The Target piece was meant to show what data-mining algorithms are capable of. My goal for this article was to show the potential problem and possible solutions. I'm more concerned about raising awareness than anything. That way everyone can make an informed decision, like you have done. I wanted to mention that I enjoyed and appreciated your insight into this issue.

tommy
tommy

The conclusion I've drawn from the information offered here with regards the tools being discussed has changed though. I am now a lot more paranoid about this then I was before - thanks guys - but my conclusion is this: Putting anti-virus software on my machine will actively stop virus infection. Having a good firewall in place to stop random people on the Internet from getting access to my PC is just plain common sense. Putting widgets like this on your computer and expecting them to protect your privacy is simple delusion, however. We are all offering information about ourselves every time we click on something. We're actively giving away information every time we buy something, every time we subscribe to something, every time we get an e-mail and click on the 'show pictures' button, log on to Facebook, make a tweet etc. etc.
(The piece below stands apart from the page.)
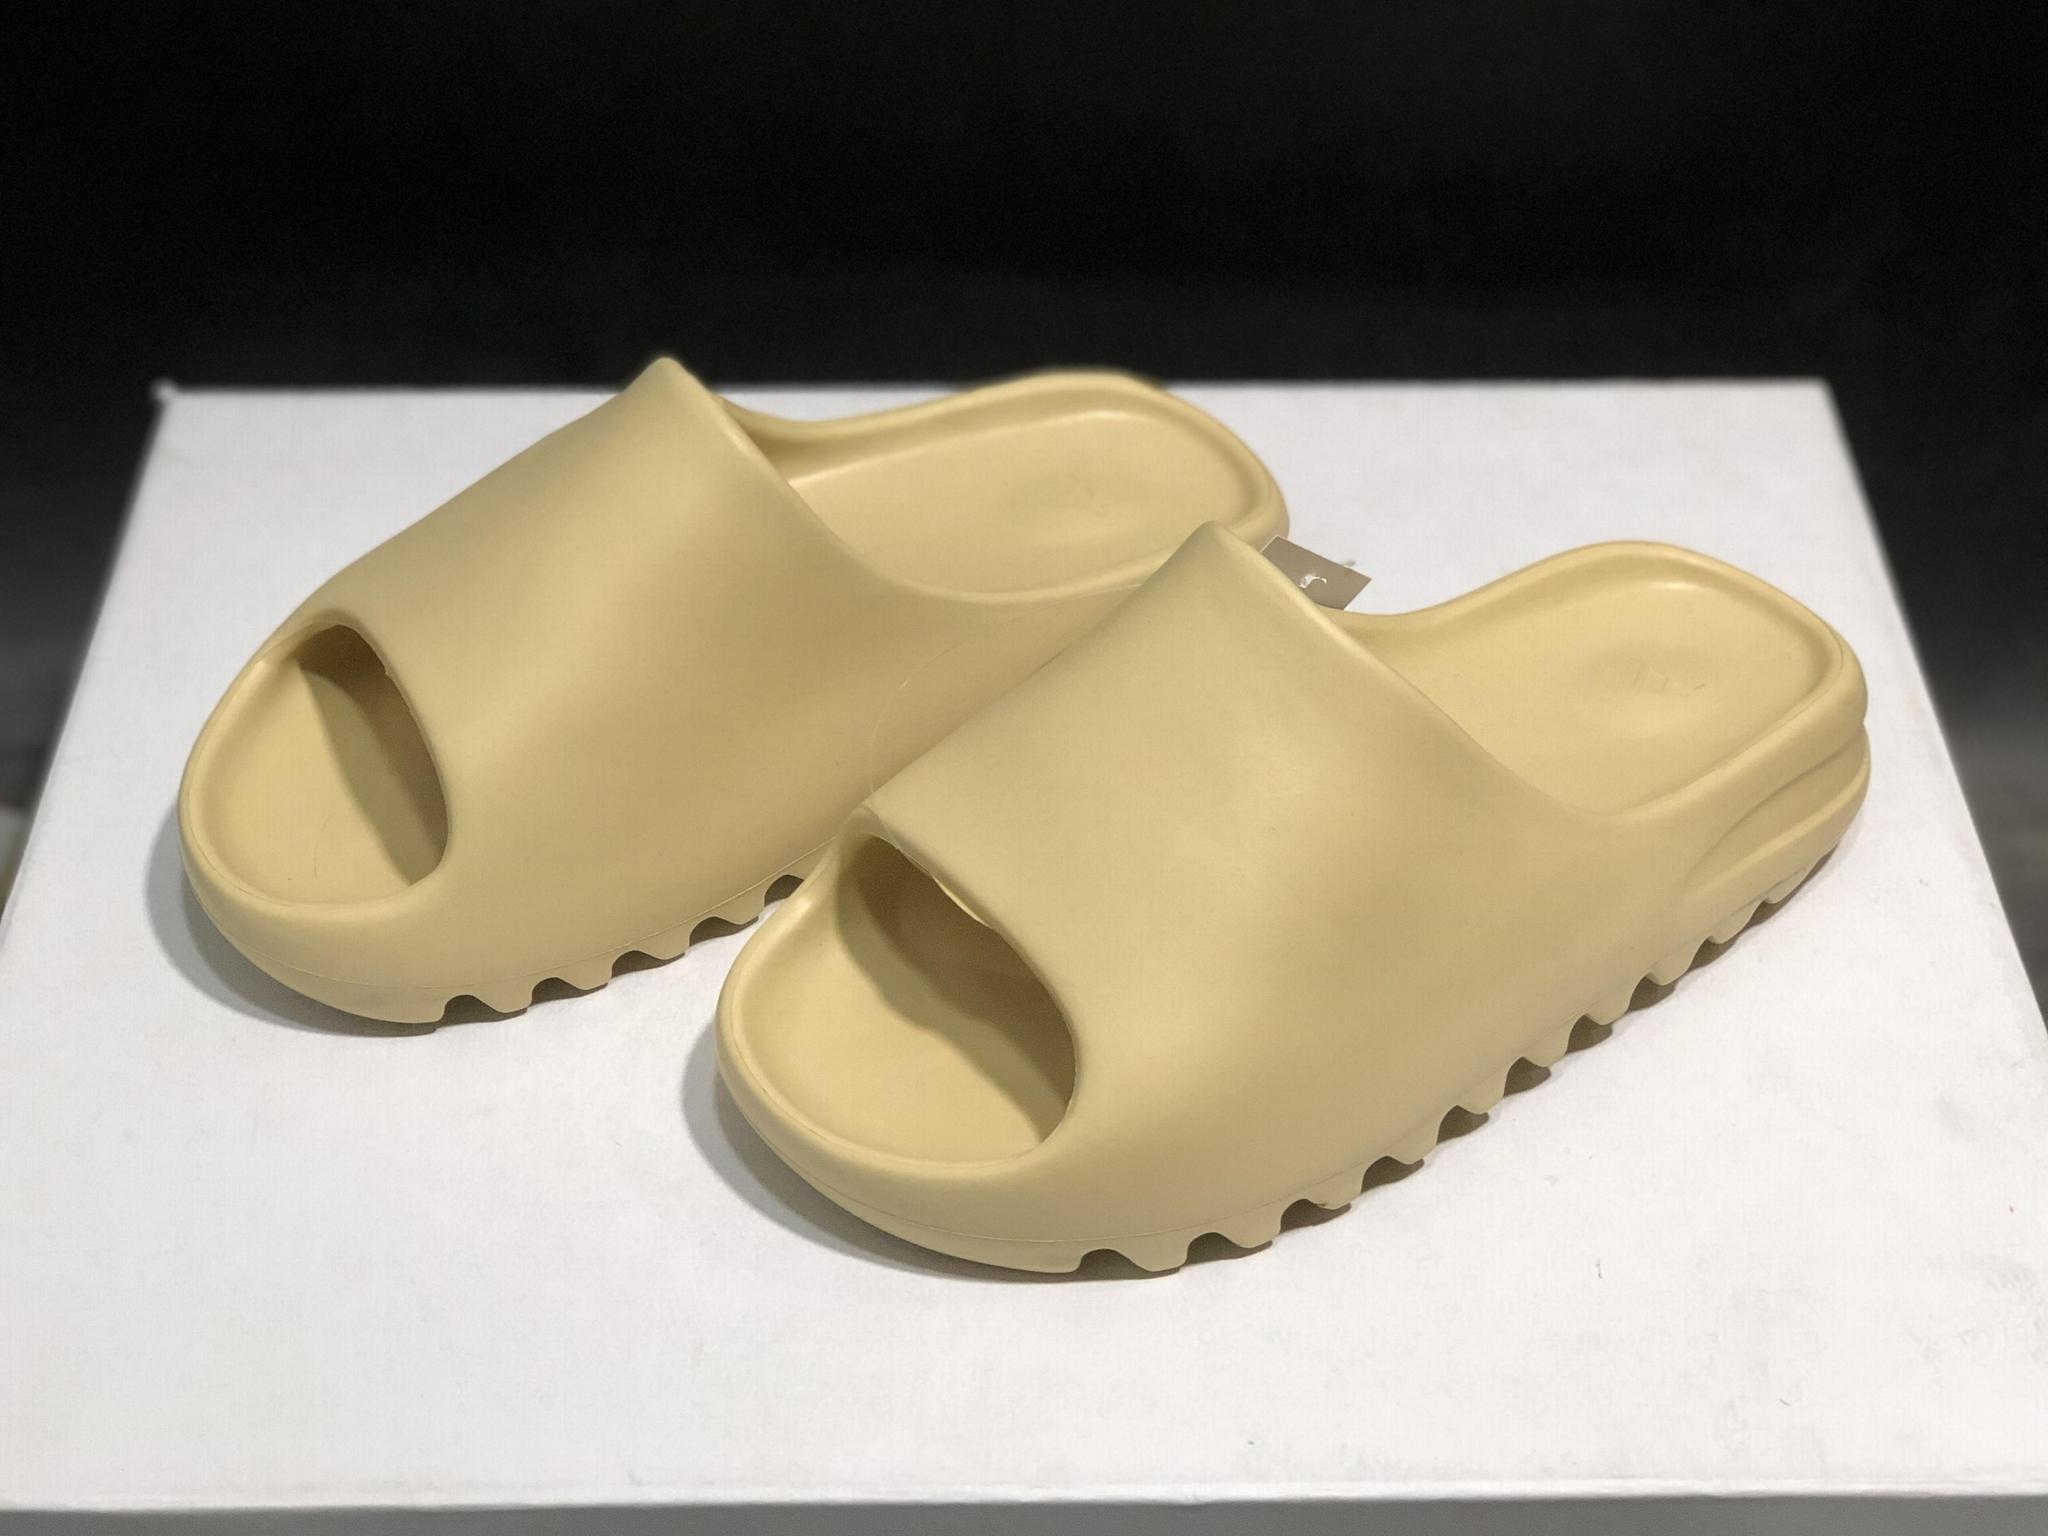 adidas Yeezy Slide Bone KANYE WEST slide cheap yeezy slipper

ARG! Being concerned about online privacy is a good thing. To help protect yourself you need to be aware of the issue, that's the first step. Thanks to you guys I'm a lot more aware of it now than I was a couple of days ago. However, while the installation of 'privacy' widgets on your computer would seem, and I now agree on reflection, to make perfect sense I would offer that, as demonstrated by the pregnant daughter example, it is a complete waste of effort. Every single jot of information used to find out that she was pregnant wasn't gleaned through the dark passage of cookie driven, nefarious and mysterious data collection. She gave them all the data they needed of her own volition. The question I'm asking myself now is not "am I paranoid?", it's "am I paranoid enough?".

JCitizen
JCitizen

I posted that on Facebook, so my friends would wake up and smell the coffee. They give away far too much to FB, in my opinion. It is a wonder I haven't been thrown off, for not revealing my data. I hear running incognito on FB is against their policy. I say tuff shit! They can throw me off if they want - my boss made me join, I don't need it.

tommy
tommy

Good discussion ;o) I'll have a look at the material you've linked to. I can see that, if I wanted to, then what your suggesting is possible. Just as a private detective could run through the contents of a dustbin and come up with lots of information, a company could if they chose to, rifle through all of the sites that were visited by an individual and draw up a detailed profile on that person. I quite agree with you that protection against this needs to be in place to ensure an individuals privacy in this respect, but unless you're breaking the law with regards the Data Protection Act (UK) - I'm sure there will be a US equivalent - and the profile thus gained is directly linked to me (Mr T as an individual) then I can't see the harm in a company having a profile of what it is that I like looking at. I'll have a read of the info that Arvind and Vitaly offer in your link and post later.

Michael Kassner
Michael Kassner

My last try would be to mention that there is the concern about what the people do with the information once they have it. I've read that the ad networks are reselling information to anyone who wants it. I have no proof, but that would be a bit unnerving. The reason I say that is from my writing about how gathering bits and pieces of supposedly harmless data from several sources eventually lead to someone knowing a great deal about you. If you are interested my friend, Dr. Arvind Narayanan has done a bunch of research on this: http://randomwalker.info/

JCitizen
JCitizen

They scrape data for the insurance companies to target people individually for rate hikes. This has been in the news. Whether you use Face Book or not, that doesn't mean they won't spread this everywhere on the web.